Заметным рубежом на первых этапах поэтического пути Чивилихина стало стихотворение «Охота на мамонта», написанное полгода спустя. За ним последовали «Огонь» и ещё несколько стихотворений о первобытном человеке. Сам собой составился цикл стихотворений о рождении человека, его ума, умений, знаний и власти над слепыми стихиями. Вместе с рождением человека рождался и поэт – его ум, его знания, уменье и его власть над стихией стиха. Он добивался этой власти упорно, настойчиво, неустанно. И добился.
Передо мной на столе пять книжек Чивилихина. Самое раннее из напечатанных в них стихотворений помечено тридцать пятым годом, самое позднее – пятьдесят третьим. Я знаю почти каждое из этих стихотворений. Многие строки их пронёс через три десятилетия.

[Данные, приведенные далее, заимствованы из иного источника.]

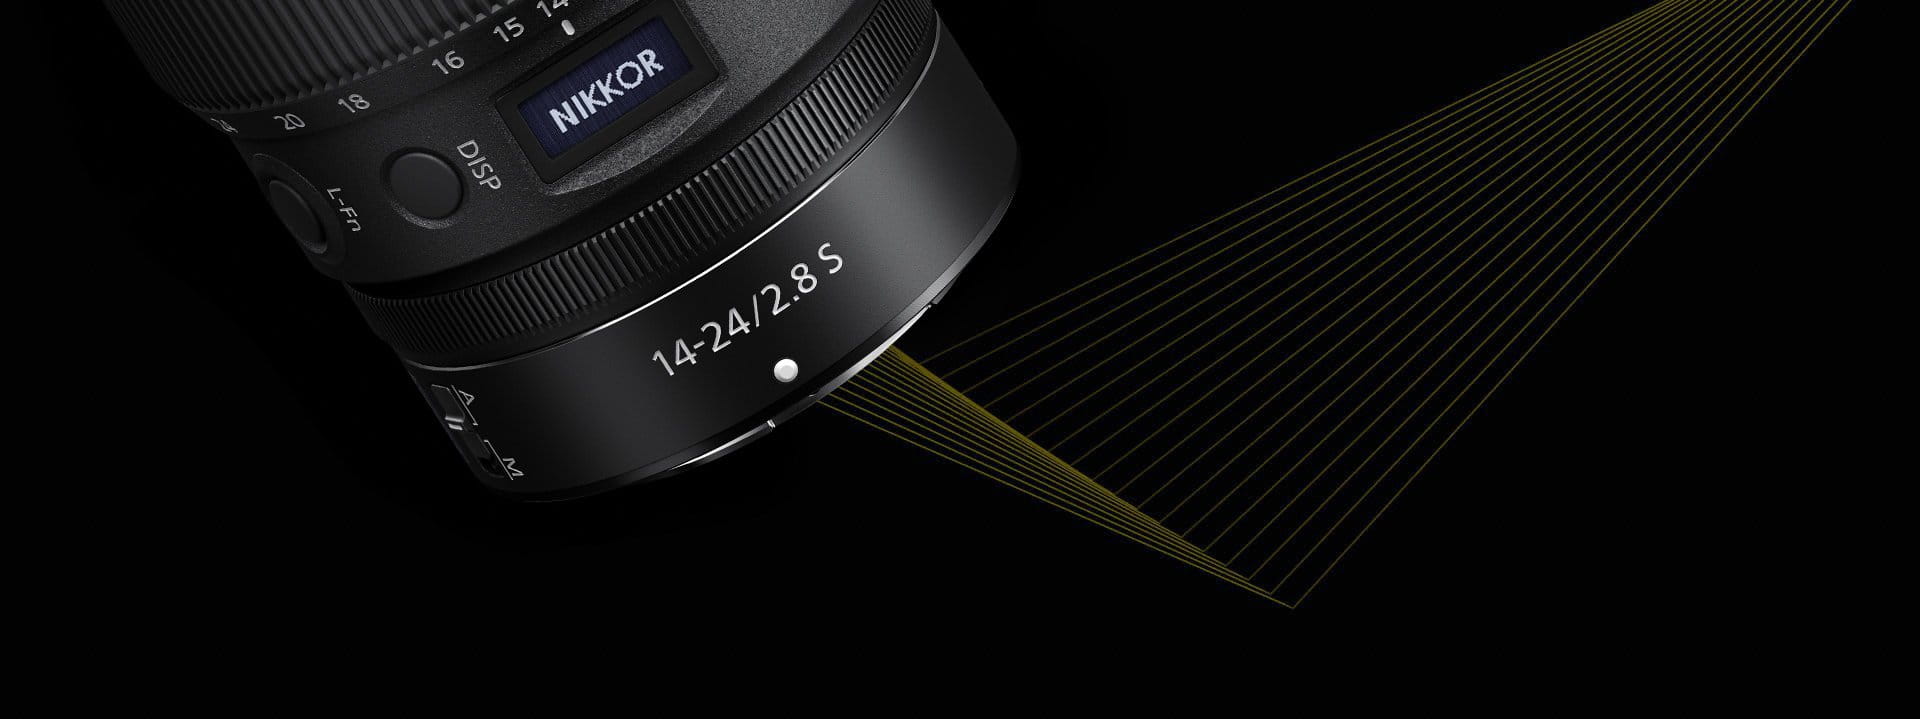 Obiektyw Nikon Nikkor Z 14-24 mm f/2.8 S
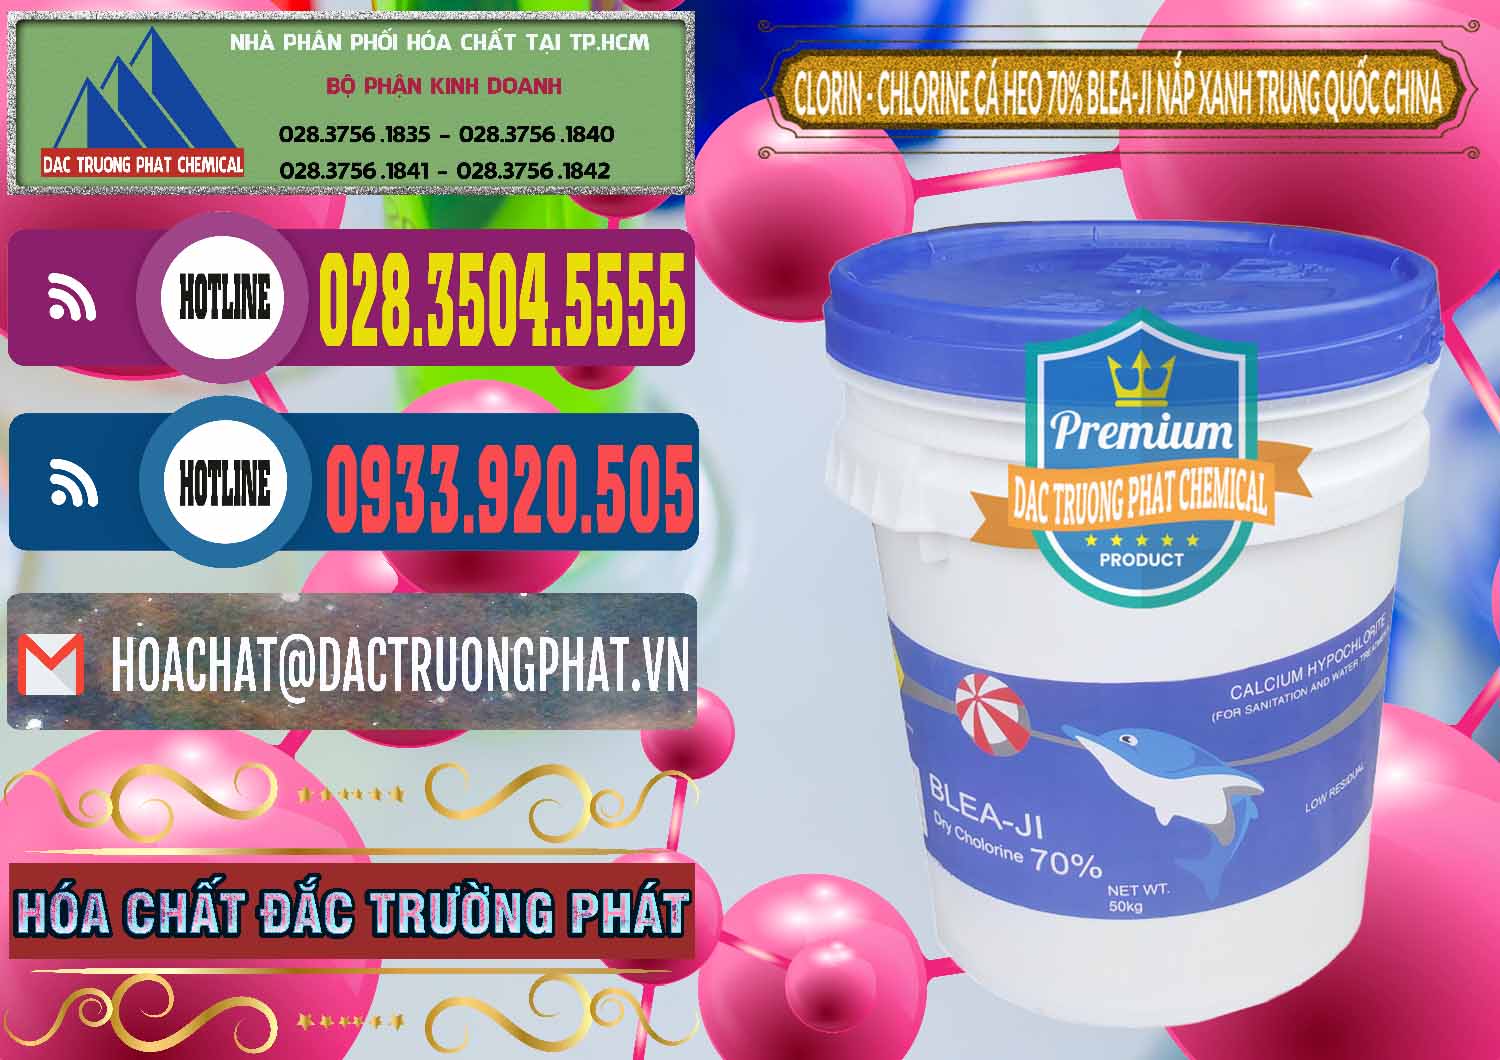 Cty bán & cung cấp Clorin - Chlorine Cá Heo 70% Cá Heo Blea-Ji Thùng Tròn Nắp Xanh Trung Quốc China - 0208 - Phân phối - cung cấp hóa chất tại TP.HCM - muabanhoachat.com.vn

Когда после четырёхлетних скитаний по фронтам Великой Отечественной войны я вернулся в Ленинград, одним из первых гостей, переступивших порог моего ещё не устроенного дома, был Толя Чивилихин. Мы обнялись, потом сели за небогато убранный стол, и я сказал:
– Ну, докладывай...
И Чивилихин стал читать «Битву на Волхове», законченную в последние месяцы войны. Потом читал «Голоса на ветру», написанные в сорок четвёртом.
Это был отчёт о проделанном за время разлуки. К концу вечера я попросил почитать старое, относящееся к дням литгруппы «Смена». Он читал. Прочёл и мою любимую «Жизнь», оканчивающуюся строками:
Я проживу сто лет,
И постепенно
Виски обзаведутся сединой.
Вернусь сюда – к деревьям невысоким,
К долинам, неизведанным вовек.
И все поймут – осины и осоки:
К ним умирать явился человек.
На озеро взгляну, на старый тополь,
Что под зелёной пошей изнемог.
И вновь пойму – я наглядеться вдоволь
И надышаться досыта не смог.
Так всё и было. Он был жаден до жизни и так и не смог, не успел вдоволь наглядеться и досыта надышаться.
Одно время Чивилихин был руководителем Ленинградской писательской организации. Он был скромен, чист, нелукав. Начальственная роль не шла ему. Я говорил ему: оставь это, пиши стихи. Он смущённо молчал. Я не знаю, о чём он думал. Я никогда не знал, о чём он думает, когда молчит. Он любил молчать. Я тоже. Наши встречи не сопровождались излияниями, хотя мы были душевно близки друг другу.
В руководителях Союза писателей Чивилихин удержался, как и следовало ожидать, недолго. Вернулся к стихам. Перо его было умным и уверенным. «Водительства высокое уменье», которое он прокламировал в своих стихах, в них же и осуществлялось.
Как-то ему дали на рецензию мою повесть «Страна Желанная», выходившую в Детгизе. Между прочим он написал в рецензии: «У Бражнина написано «своеобычный». Редакторы обязательно захотят переделать на «своеобразный». Не надо этого делать. Пусть всё будет так, как хочет автор. Он имеет на это право».
Ему было всё вдомёк. И он знал характеры редакторов. В борьбе с ними я опирался на его рецензию.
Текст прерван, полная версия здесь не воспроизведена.